IETM’s reaction to the New Agenda for Culture: effective measures to implement the ambitious framework

The European Commission has released a Communication on a New European Agenda for Culture (Agenda), which puts forward a bold and balanced approach to culture as a vital component and a powerful driver of social cohesion, economic development and international relations.

It is timely and crucial to address the need for building a true community among Europeans based on shared values, a feeling of togetherness, and acceptance of the “other”. We welcome the Commission’s long-awaited recognition of the role of culture in this process. Active citizenship, social fairness, and integration of newcomers are unachievable without resorting to the unique power of culture and the arts, and we are happy this is acknowledged by the Agenda.

Moreover, we welcome the Commission’s explicit ambition to strengthen the links between culture and other policy areas and embed focus on culture within various EU funding programmes.

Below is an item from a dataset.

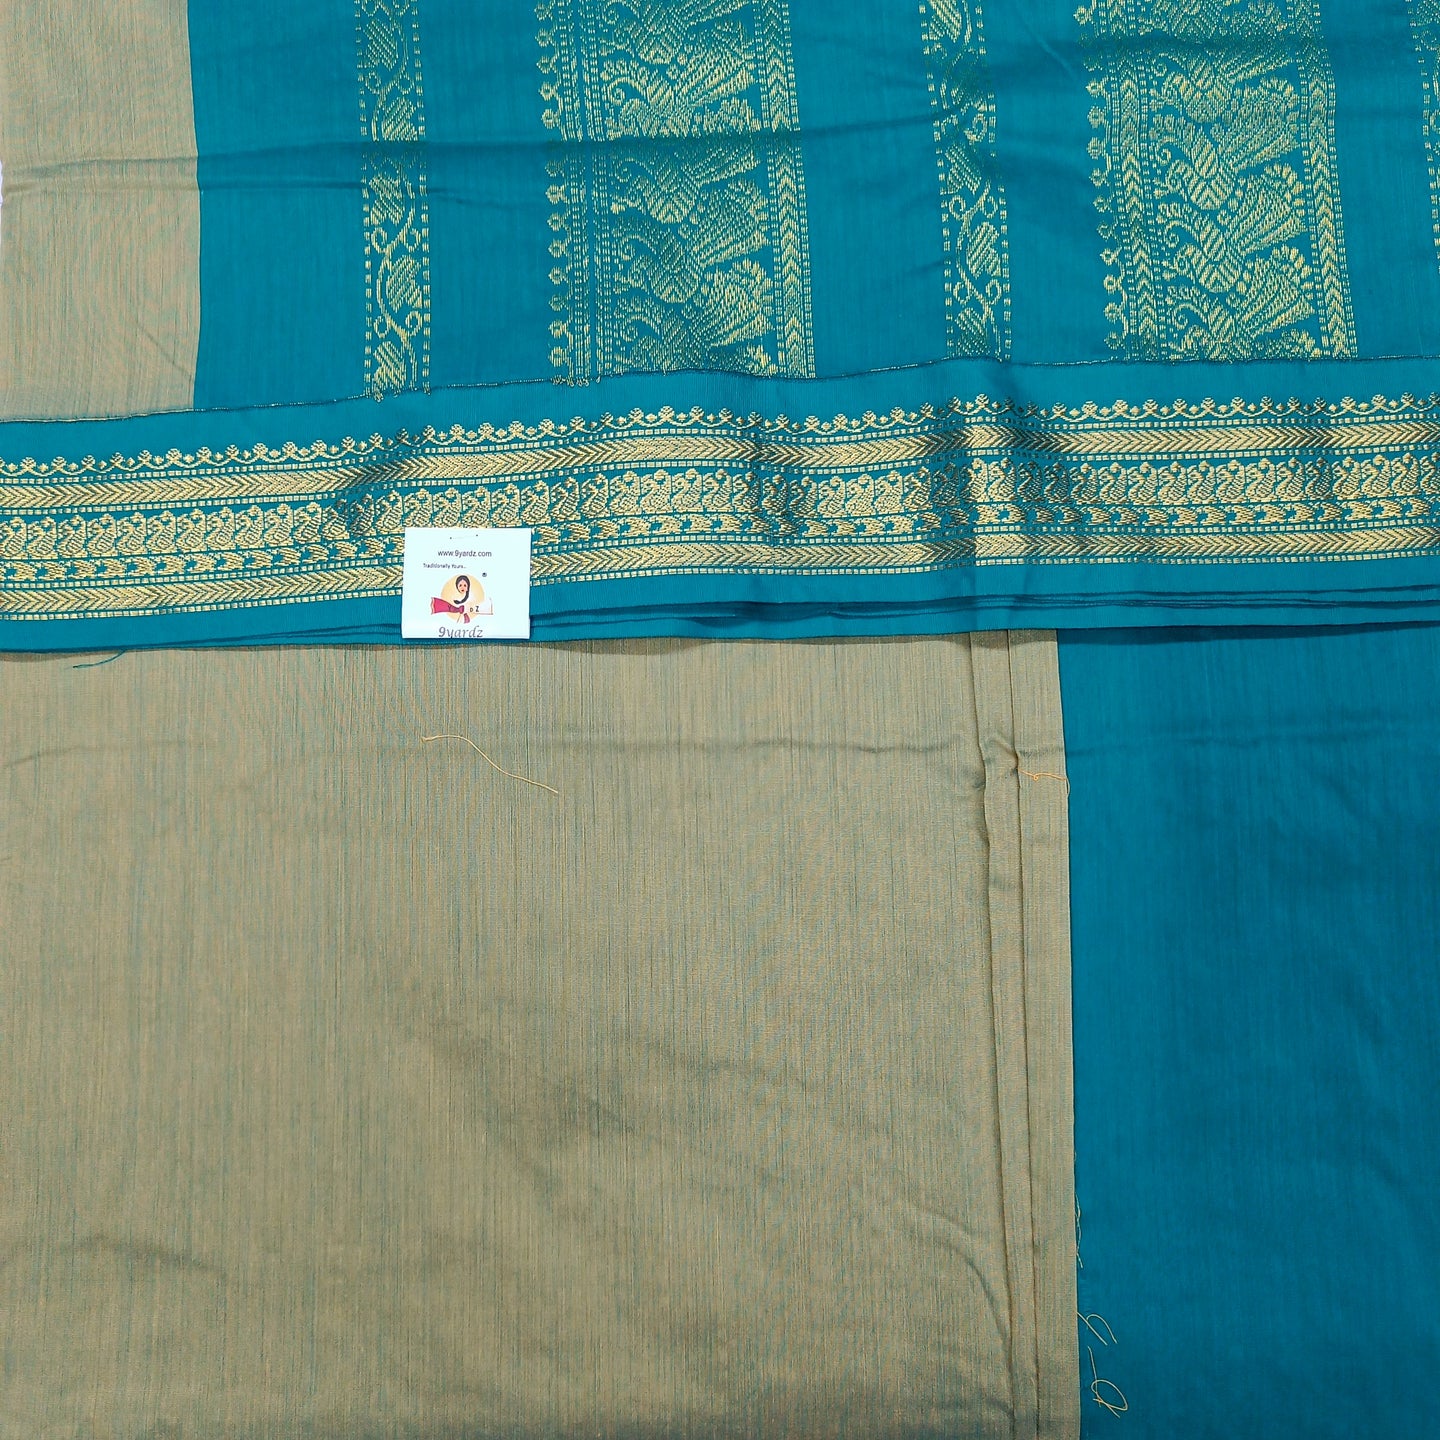 Kalyani Cotton 9.5yards
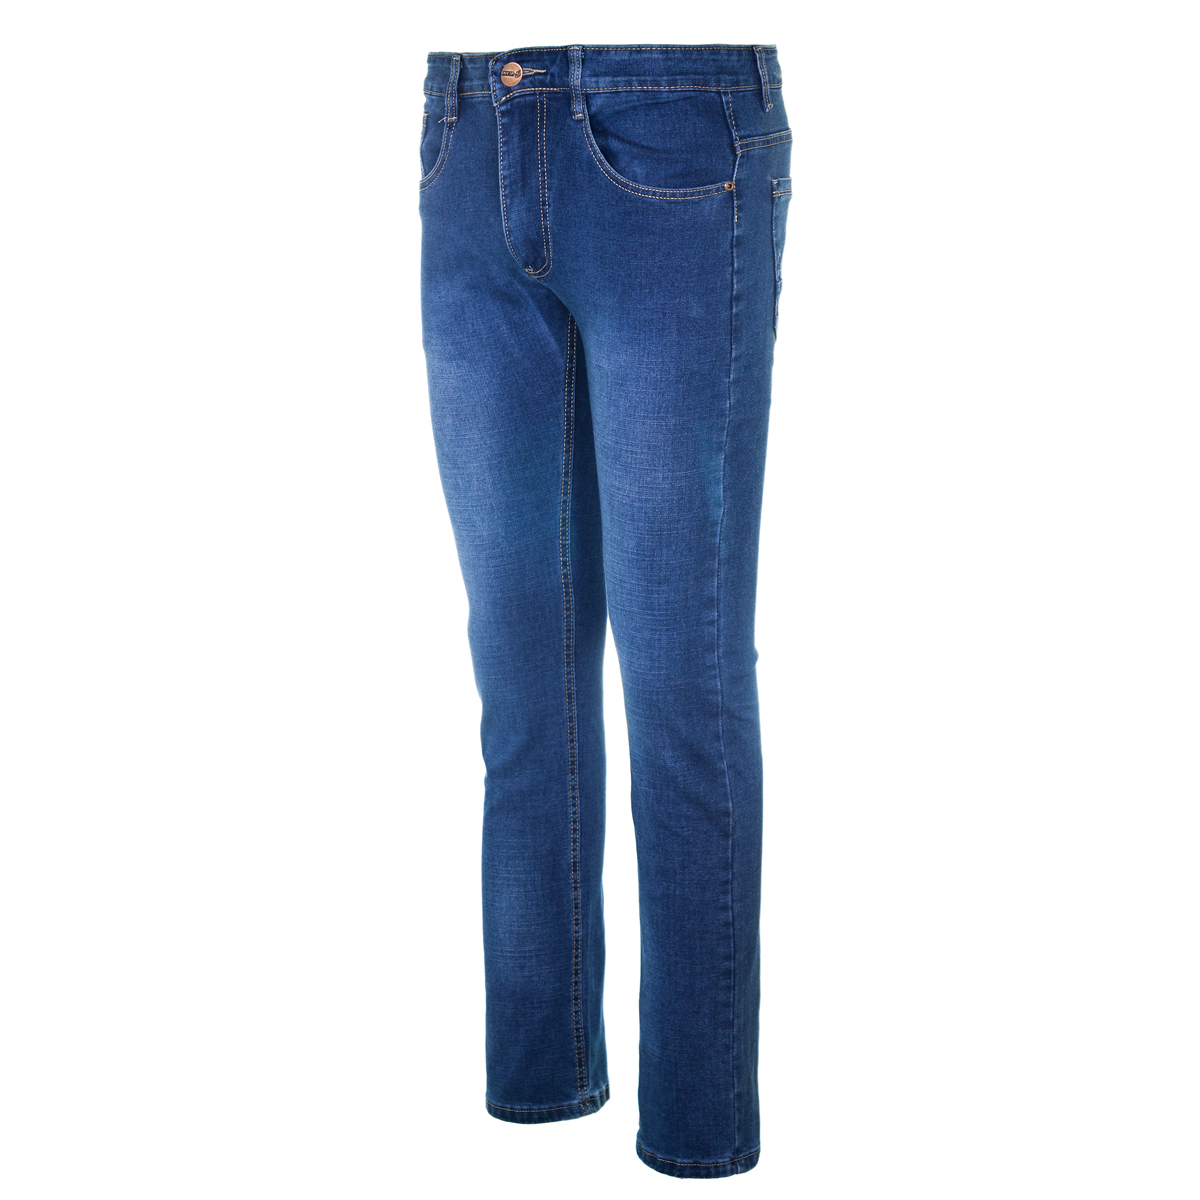 Муж. джинсы арт. 12-0091 Синий р. 29 Китай, размер 29 - фото 2

However, no matter how ambitious and positive the discourse of the Agenda is, there are a few concerns which must be tackled by the European Commission, the European Parliament and the Member States, in order for the Agenda to be implemented and to contribute to the EU’s strategic goals:

  1. The Communication states that the Agenda is “backed with appropriate funding”. However, the recent proposal for the EU future budget suggests allocating € 1.85 billion to the Creative Europe programme 2021-2027. While being an increase compared to the current programme’s envelope, it is, nonetheless, insufficient to bring the Agenda’s ambitious vision to life. Thus, we request an allocation of at least the double amount of the current Creative Europe budget to the cultural and creative sectors within the post-2020 programme.
     
  2. The ambition of streaming culture in other domains is not adequately reflected in the EC’s proposal for the EU’s future MFF, where culture is not even mentioned in the majority of policy fields to which it contributes considerably. Sound and tailor-made strategies of opening other DGs to culture should be designed and implemented by the Commission, in close collaboration with the sector. Research, extra support to advocacy actions and undertaking multi-sectoral forums might be part of the list of solutions.
     
  3. The information about the funding opportunities available for cultural and creative sectors within other DGs is scattered and often not easy to find. We encourage the Commission to develop a “one-stop-shop” website, where all existing funding instruments for culture are listed in a user-friendly and efficient manner.
     
  4. A Cultural capability approach was put forward as a guiding principle of the Agenda. Although we cannot agree more that cultural participation and everyday creativity contribute greatly to fostering intercultural dialogue and building healthy societies, we stress the necessity of delineating social and artistic work and guaranteeing enough space within the EU funding instruments for appreciating the intrinsic value of artists’ work.
     
  5. We endorse the ambition of harnessing the cultural dimension in international relations and call on the European institutions to consider the power of cultural networks to build interpersonal bonds and connections across national frontiers and their ability to strengthen a truly human-based, bottom-up component of international cultural relations.
     
  6. The Agenda aims at undertaking “specific initiatives in the most mature sectors, to support more effectively the rich diversity of European cultural expressions.” We call for an equal support to all cultural and artistic sectors, including those which need public support the most, due to the time- and human-intensive nature of their work, as we believe that this is the only fair and effective way of enhancing the diversity of cultural expressions in Europe.
     
  7. Small-scale projects and small organisations are very often the ones most involved in the work with the most urgent social issues and answer most efficiently to the many different needs of our fragmented societies. Being particularly flexible, agile and prone for international mobility, they are at the forefront of conceiving and fostering cross border bonds and collaborations, which are essential for nourishing a feeling of common European culture and values. Therefore, the Agenda must promote an equal and fair approach to the EU culture funding schemes, which should be more flexible and accessible for small organisations and small-scale initiatives.

IETM supports the Commission’s bold proposal for the New Agenda and calls on the European institutions, member states and all stakeholders - from the cultural and creative sectors and beyond - to endorse the Agenda, and undertake all possible measures to materialise its ambitious vision of culture being a powerful driver of social inclusion, economic prosperity and international relations.